Advisers have reported a rise in the number of clients now concerned about intergenerational planning, new research by HSBC Life (UK) has indicated.
The group’s findings revealed 80 per cent of clients are now concerned about this area, up from 75 per cent in 2022.
The study also found that 39 per cent said intergenerational planning is “highly important”, compared with 34 per cent previously in 2022.
HSBC Life’s study, based on 300 advisers, suggested that changes made in last Autumn’s Budget had made them more likely to consider trust-based solutions for inheritance tax (IHT) planning.
It found that 79 per cent of advisers are more likely to consider trusts as a direct result of the tax changes announced by Rachel Reeves last October.
Recent figures published by HMRC revealed that a record £8.2bn was paid in IHT in the year from April 2024 to March 2025, an £800m rise on the previous year and the fourth year running that the record has been broken.
The HSBC Life research, published in its report titled The Three I’s of Investable Capital 2025, indicated that advisers are working hard to support clients with IHT and more than two out of three (68 per cent) of clients have discussed IHT planning with their adviser.
HSBC Life (UK) head of onshore bond distribution, Mark Lambert, said: “It has never been more important for advisers to actively engage clients and their dependents on intergenerational wealth transfers.
“Record IHT receipts, and demand from clients for support, clearly makes the case for advisers to redouble efforts on estate planning.”
However, less than half (47 per cent) of advised clients have solutions in place to reduce or plan for potential IHT on their estate.
HSBC also found that 42 per cent had not acted while a further 11 per cent were unsure if they should do. T
Furthermore, 29 per cent of clients said their adviser had raised IHT planning with them but had not yet taken action.
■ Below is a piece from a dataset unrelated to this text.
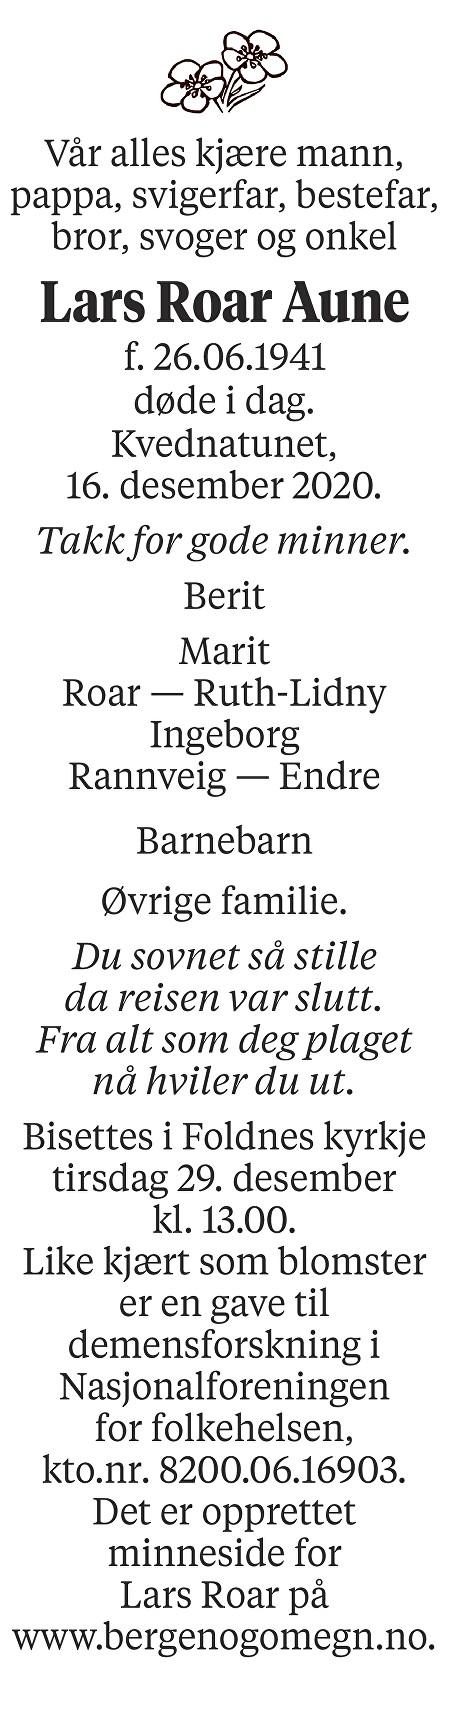 Lars Roar Aune Dødsannonse

The vast majority (98 per cent) of advisers questioned for the HSBC Life report said that taking an intergenerational approach to planning is important to clients.
“We believe advisers will be seriously considering making the fullest use of the relevant tax effective wrappers available, including onshore bonds,” Lambert added.
“Combined with an appropriate trust, onshore bonds can form part of a highly tax efficient estate planning strategy with simplified tax administration.”